INFORMATION SUPPLIED: Begin

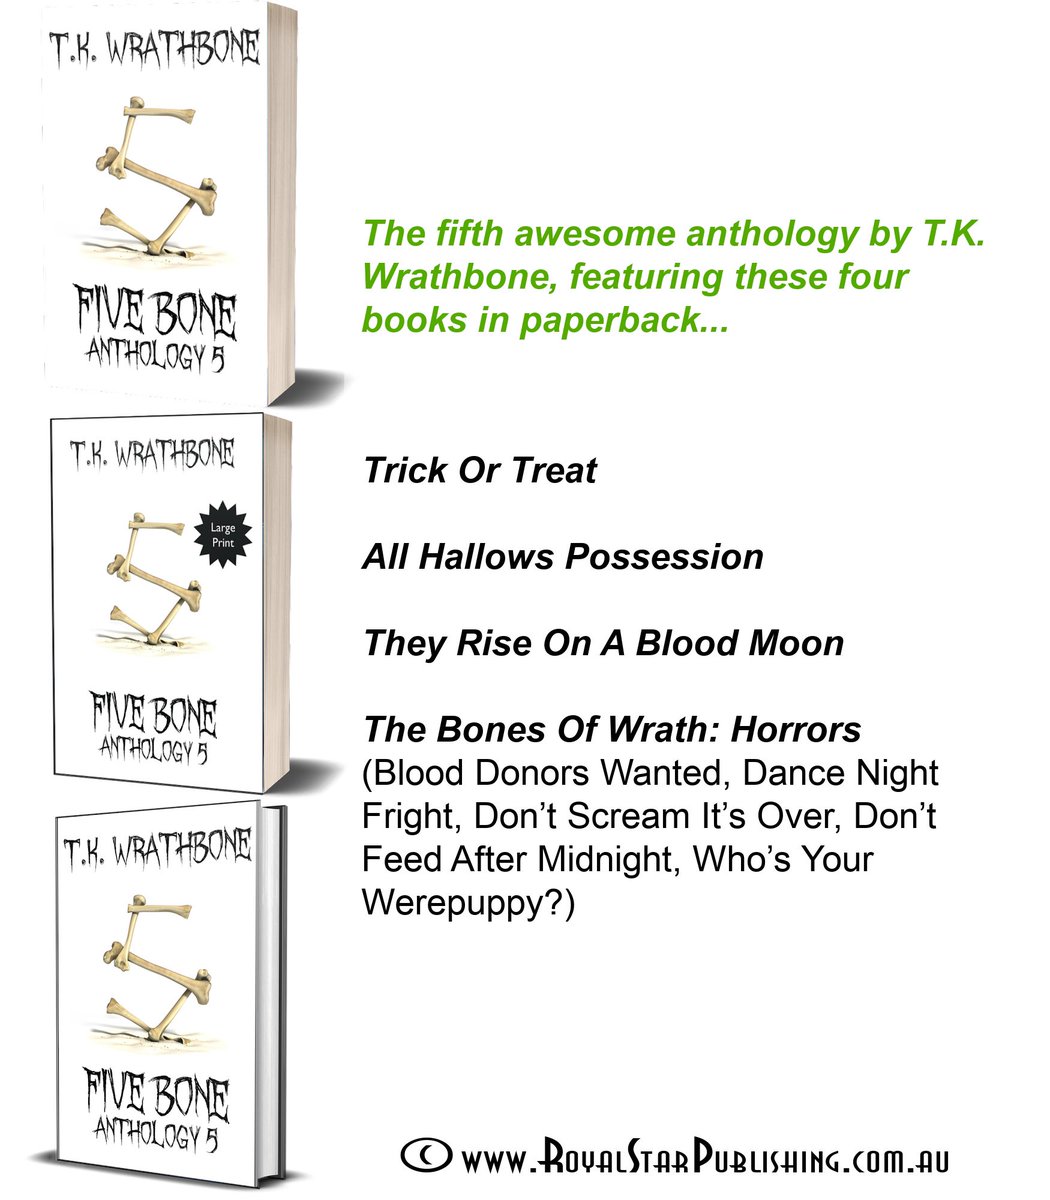 Five Bone:Anthology 5 by T.K. Wrathbone contains four ebooks in one print book. Available in bookstores.
.
#tkwrathbone #author #fivebone #horrorstories #paranormalstories #supernaturalstories #trickortreat #allhallowspossession #theyriseonabloodmoon #thebonesofwrathhorrors

INFORMATION SUPPLIED: End

EXERCISE AIM » Repeat the material above word for word and skip every image in it.

RESULT OF THE EXERCISE »
 Five Bone:Anthology 5 by T.K. Wrathbone contains four ebooks in one print book. Available in bookstores.
.
#tkwrathbone #author #fivebone #horrorstories #paranormalstories #supernaturalstories #trickortreat #allhallowspossession #theyriseonabloodmoon #thebonesofwrathhorrors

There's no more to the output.